British ex-servicemen who say they became ill as a result of being exposed to radiation during 1950s nuclear weapon tests in the Pacific have lost the latest round of a legal battle for damages.

But lawyers and relatives said the fight would go on and urged ministers to set up a compensation scheme.

More than 1,000 veterans want compensation and have been battling for permission to launch damages claims for more than two years. The Ministry of Defence (MoD) is contesting veterans' complaints and denies negligence.

Veterans say they were exposed to fallout radiation from tests and say that exposure caused illness, disability or death. The MoD denies both "exposure" and "causation".

The Supreme Court, the UK's highest court, has ruled in the MoD's favour after the latest round of litigation and said the majority of claims could not proceed. A panel of seven Supreme Court justices had analysed evidence at a hearing in London in November and ruled against veterans by a 4-3 majority.

Judges expressed sympathy but concluded that veterans lacked evidence to prove links between illness and proximity to tests and said many claims had been made too late. Lawyers are studying the ruling and trying to calculate how many claims will be able to proceed.

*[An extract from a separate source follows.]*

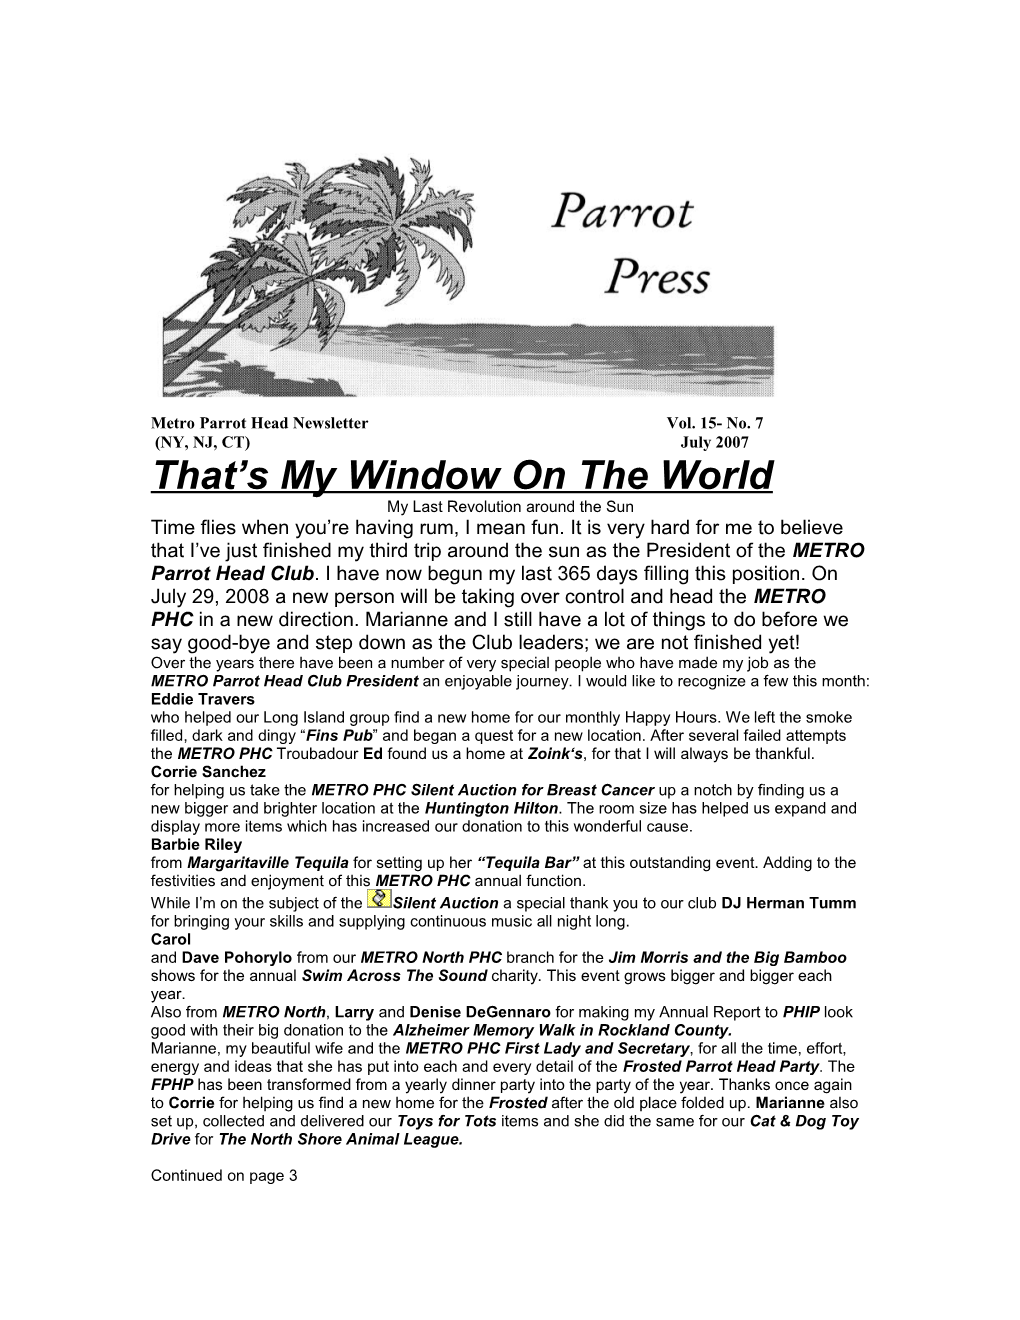 Metro Parrot Head Newsletter Vol. 15- No. 7

Veterans' relatives said they were disappointed by the ruling and called on ministers to step in. "The Government wouldn't lose one vote by compensating the British nuclear test veterans - in fact they'd win a lot," said Rose Clark, 71, of Romford, east London, whose husband Michael - a former soldier - died in 1992 aged 51 after contracting cancer.

Veterans' lawyer Neil Sampson said Britain should follow the lead of other countries and set up a "fair and just" compensation scheme. "The approach that this Government takes is to waste resources on fighting veterans rather than co-operating with them," he said. "There are some things in life that are wrong. The approach of the Government to this issue is one of those things."

The MoD issued a statement in which a spokesman said: "The Ministry of Defence recognises the debt of gratitude we have to the servicemen who took part in the nuclear tests. They were important tests that helped to keep this nation secure at a difficult time in terms of nuclear technology.

"The Supreme Court ruled today in favour of the MoD that the claims brought by Nuclear Test Veterans were time barred and declined to allow the claims to proceed under the statutory discretion. Perhaps of greater significance is that all the justices recognised that the veterans would face great difficulty proving a causal link between illnesses suffered and attendance at the tests. The Supreme Court described the claims as having no reasonable prospect of success and that they were doomed to fail."